Abstract
Neutrophil extracellular traps (NETs) contribute to innate immunity as well as numerous diseases processes such as deep vein thrombosis, myocardial ischemia, and autoimmune disease. To date, most knowledge on NETs formation has been gathered via the qualitative microscopic examination of individual neutrophils in vitro, or aggregate structures in vivo.
Here we describe a novel flow cytometry (FLOW)-based assay to identify and quantify NETs using antibodies against key NETs constituents, specifically DNA, modified histones and granular enzymes. This method is applicable to both murine and human samples for the assessment of induced NETs in vitro, or detection of NETosis in vivo in blood samples.

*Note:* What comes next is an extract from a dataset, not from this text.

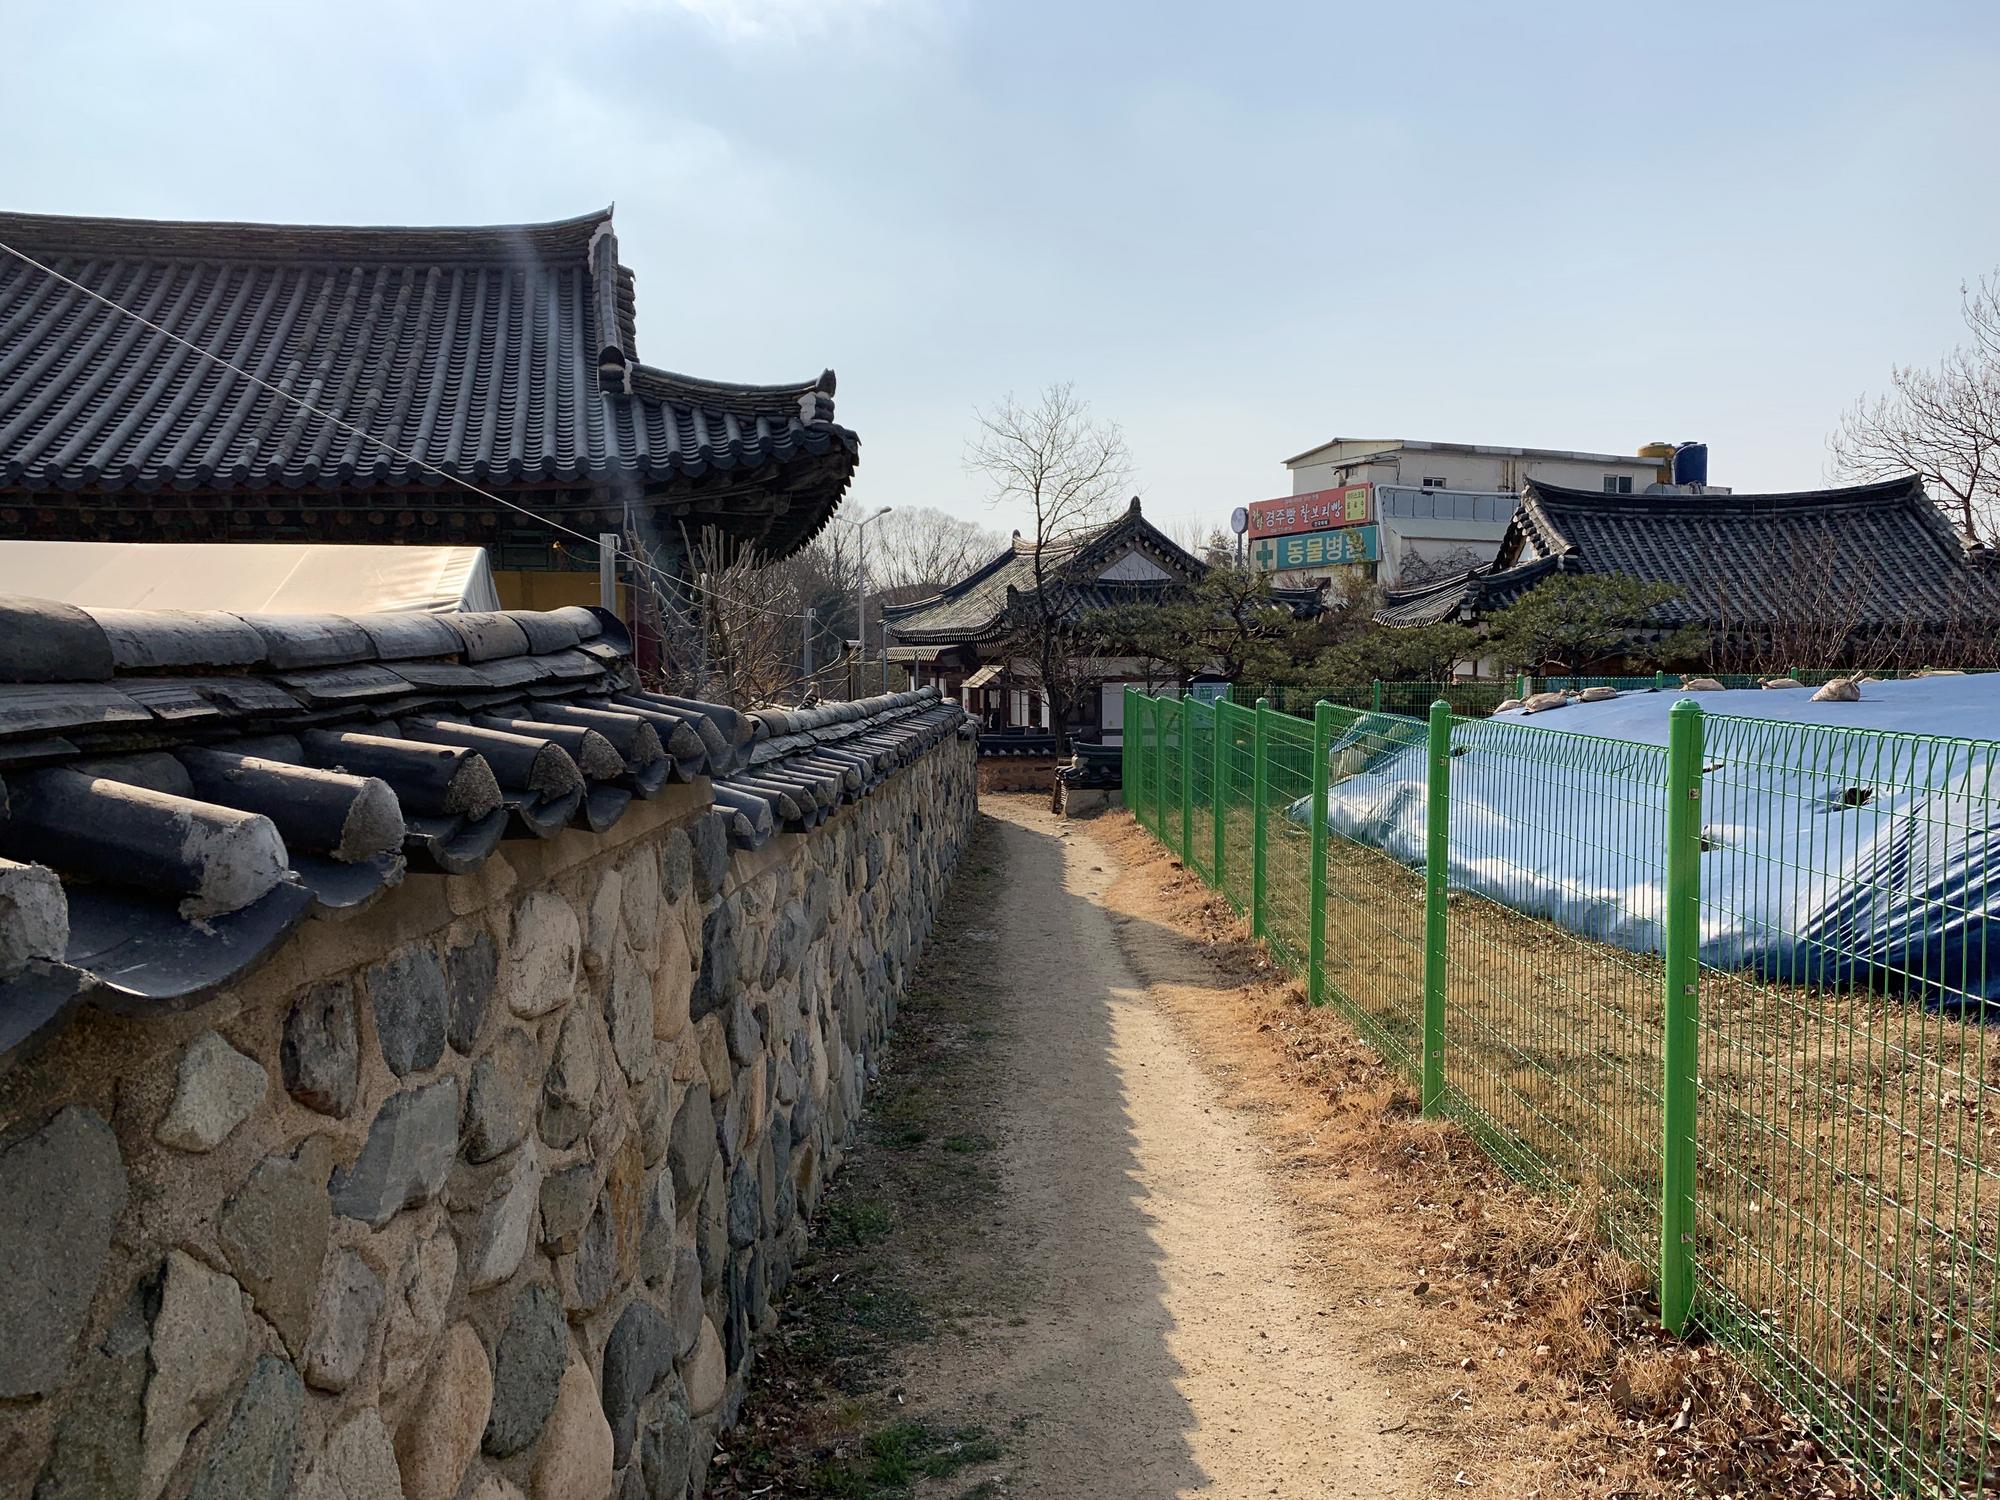 🇰🇷 Кёнджу, Южная Корея, январь 2020.

This FLOW-based method was validated by comparison with the well-established microscopy assay using two genetic mouse models previously demonstrated to show defective NETosis. It was then used on healthy human neutrophils for detection of ex vivo induced NETs and on blood samples from patients with sepsis for direct assessment of in vivo NET-forming neutrophils.
This new methodology allows rapid and robust assessment of several thousand cells per sample and is independent of potential observer-bias, the two main limitations of the microscopic quantification. Using this new technology facilitates the direct detection of in vivo circulating NETs in blood samples and purification of NETting neutrophils by fluorescence-activated cell sorting (FACS) for further analysis.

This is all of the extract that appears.